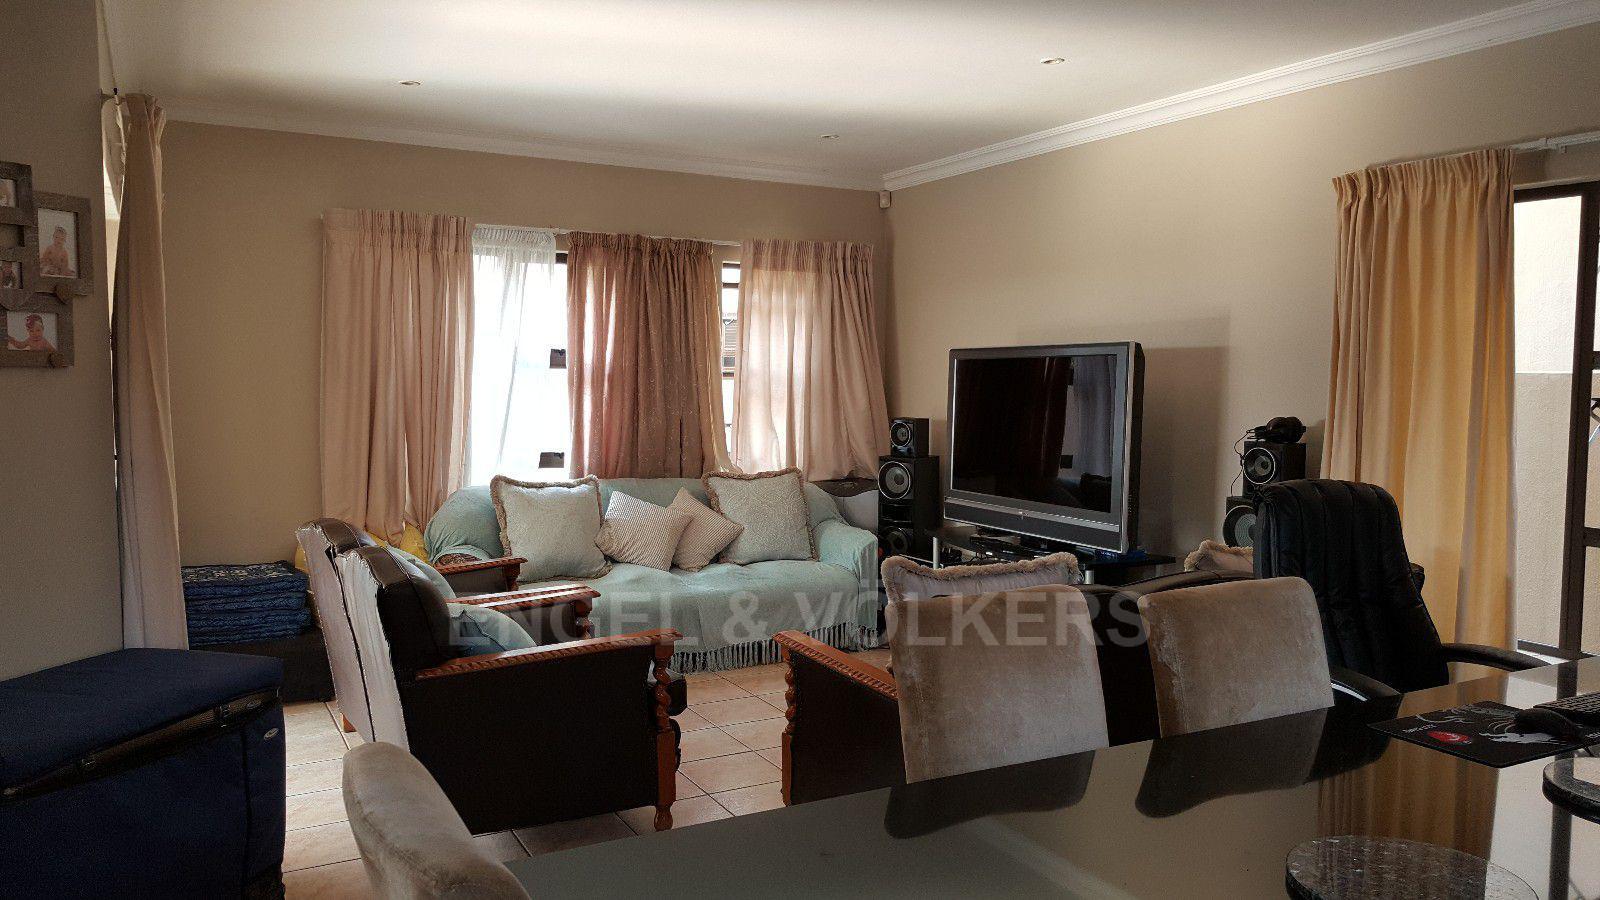 Irene View Estate property for sale. Ref No: 13388279. Picture no 4
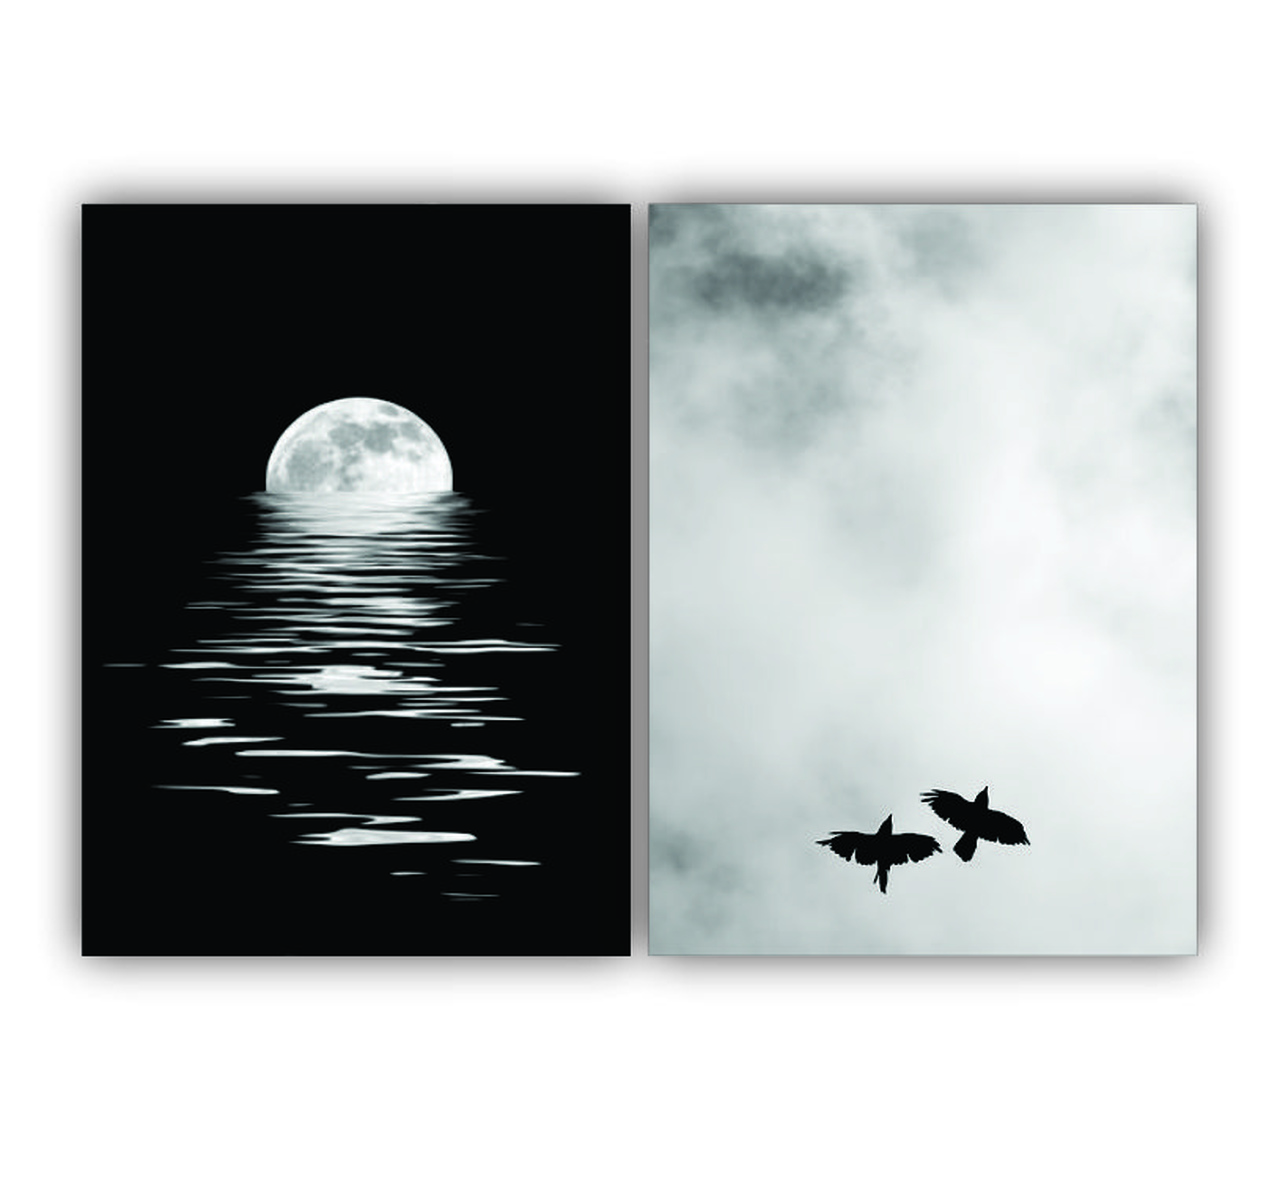 Quadro  Noite de Luar Pássaros -  Kit 2 telas
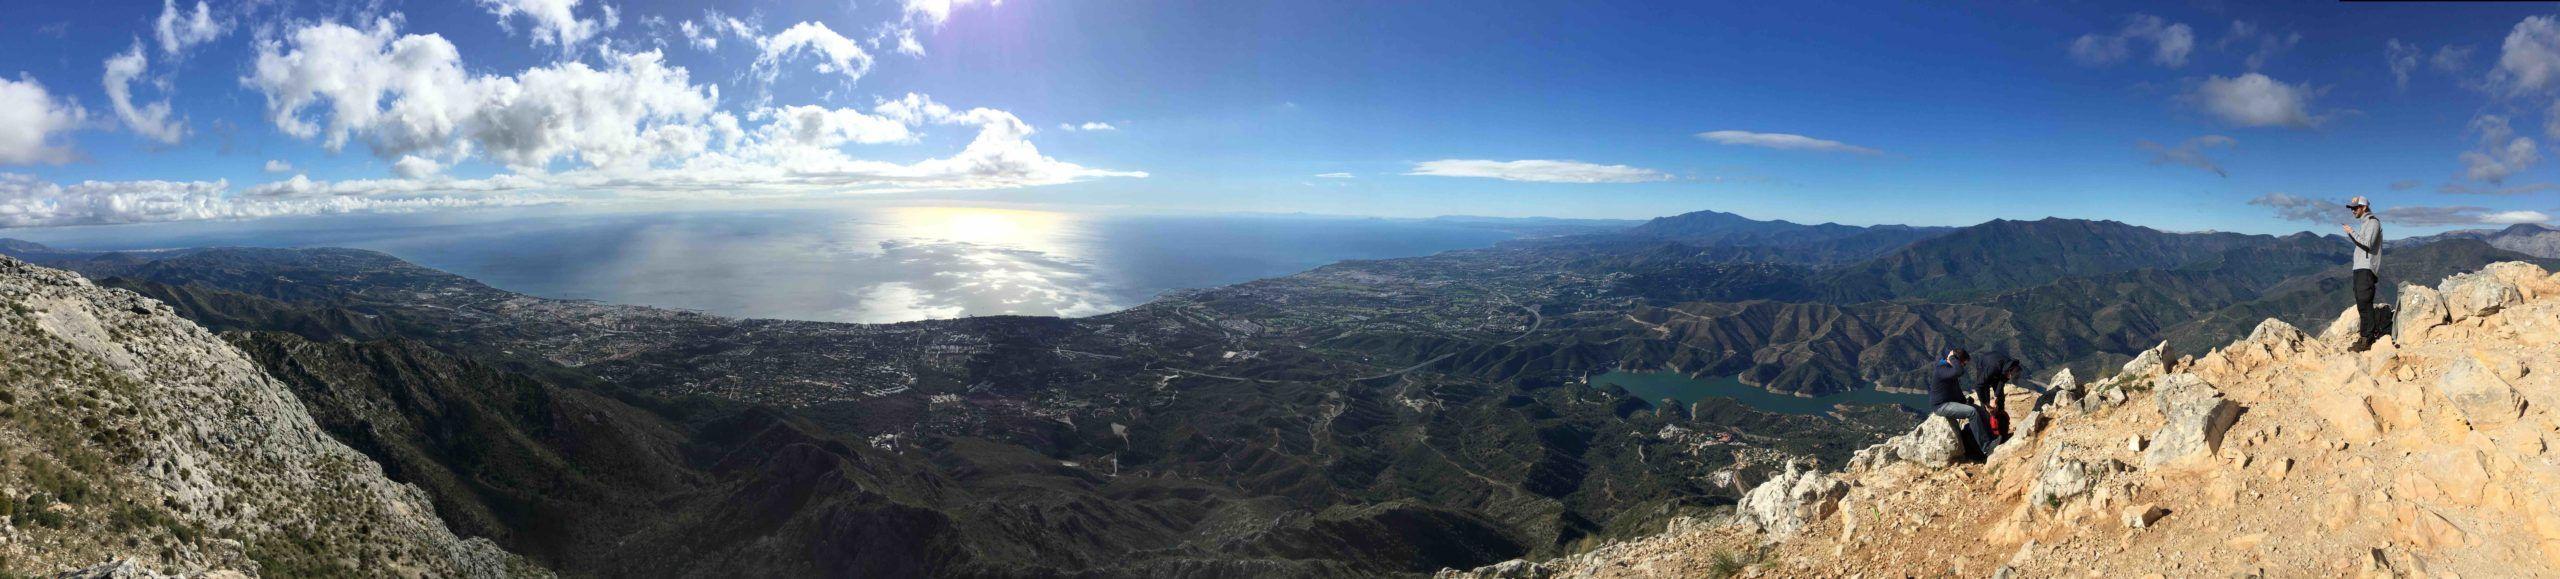 Hiking the La Concha mountain_view

▸ TASK STATEMENT
Without the pictures, transcribe the lines from the one containing "Kit 2 telas" through the end of the data, exactly and only those.

▸ ANSWER BOX
 Quadro  Noite de Luar Pássaros -  Kit 2 telas
 Hiking the La Concha mountain_view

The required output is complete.